Curriculum changes on the way as part of Modernization
Curriculum changes on the way as part of Modernization
Undergraduates in CEE at Illinois will receive more instruction in computational and data management skills; technical communication; critical thinking and problem solving; and professional practice strengths due to curriculum changes being implemented over the next four academic years. The changes are designed to better position students as leaders in the civil and environmental engineering field who are capable of addressing society’s grand challenges.
The process of examining the curriculum began with a day-long faculty retreat last fall that was entirely curriculum-focused. Since then, CEE’s eight-member Curriculum Committee has been working on recommendations and an implementation plan using the ideas that came out of that retreat, a review of literature on undergraduate education, and consultation with external experts. Its charge was “to investigate what should be enhanced, maintained and/or de-emphasized in the current Illinois CEE undergraduate program in order to continue providing a top-notch education, enabling our graduates to become leaders in responding to current and future societal needs.”

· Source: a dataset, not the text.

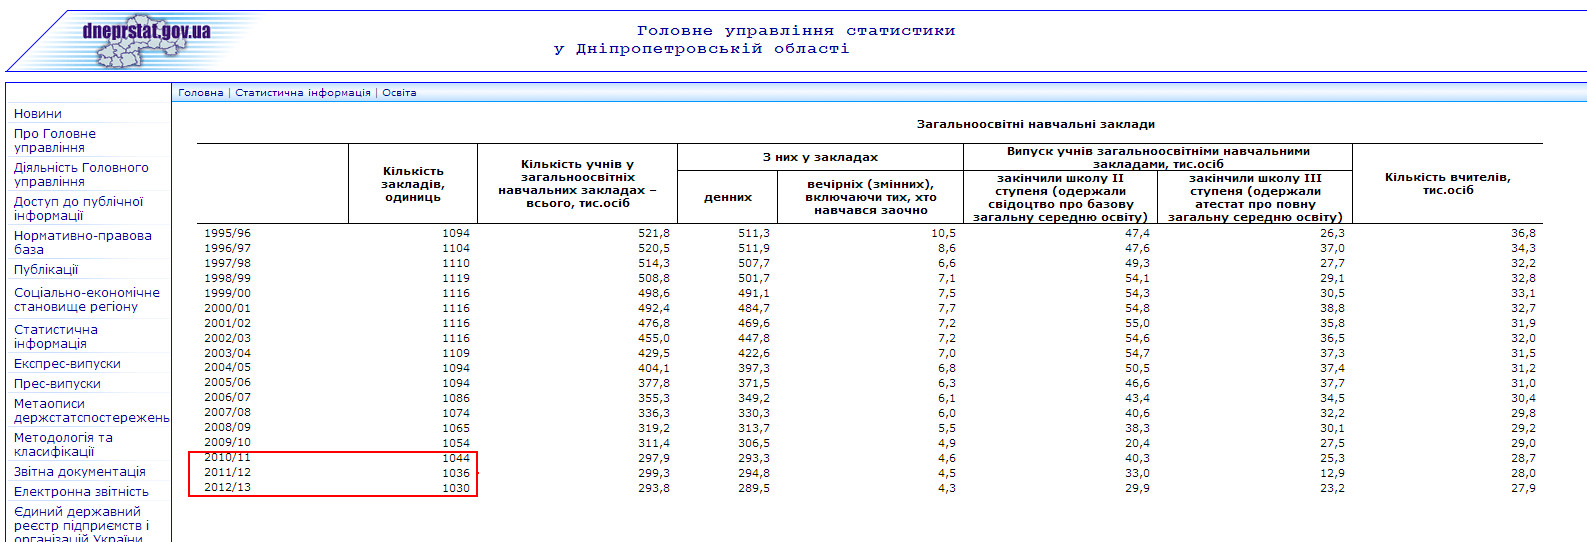 http://www.dneprstat.gov.ua/statinfo/o/o2.htm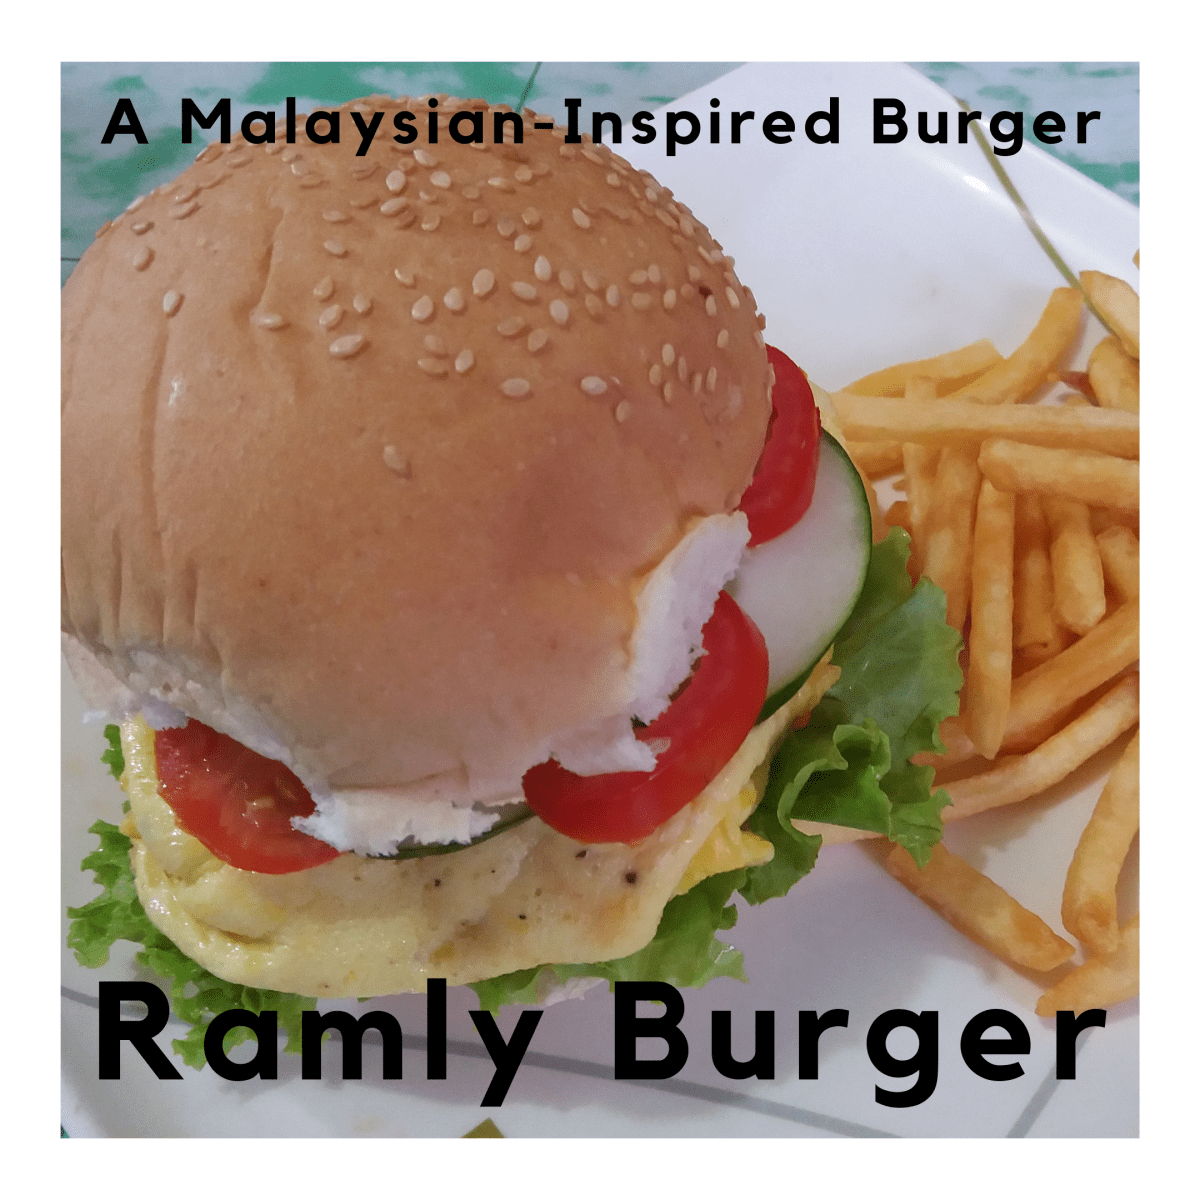 Ramly burger

“We’re a highly ranked department, so we’re doing something right,” said Professor John Popovics, who heads the Curriculum Committee. “What we do well is that we have a very fundamental and traditional set of courses that are established, rigorous and that impart a complete knowledge of the fundamentals. It forms the foundation for everything. This will be a process. We are not blowing up the curriculum; we are incrementally making changes in a staged structure.”
The initiative to modernize the curriculum goes hand-in-hand with CEE’s facilities Modernization Plan. The staged implementation was designed to save until last the curricular changes that require the new teaching facilities, scheduled to be completed in spring 2020.
“The new facilities will be critical for providing the environment for classes that are more hands-on and involve critical thinking and open-ended problems,” Popovics said.
In the meantime, CEE will begin working on improving instruction in the first identified skill set – computational and data management skills. The general approach with each skill set will be to develop a culture of cooperative education and student accountability by harmonizing content and expectations throughout all course levels. The curriculum will provide a flow of learning from freshman to senior years, including clear connections between early and advanced courses, between fundamentals and engineering applications, and between engineering analysis and design. Classes will include more project-based learning, hands-on experiences and the use of real-world problems to help students make connections between courses and their eventual professional goals. Students also will have opportunities for more interdisciplinary design and collaboration, as well as systems-level thinking.
The Curriculum Committee is a standing committee of the department. In addition to Popovics, members of the committee are Professor Tami Bond; Associate Professor Mani Golparvar-Fard; professors Youssef Hashash, James LaFave and Jeffery Roesler; Research Assistant Professor Arthur Schmidt; and Assistant Professor Ashlynn Stillwell.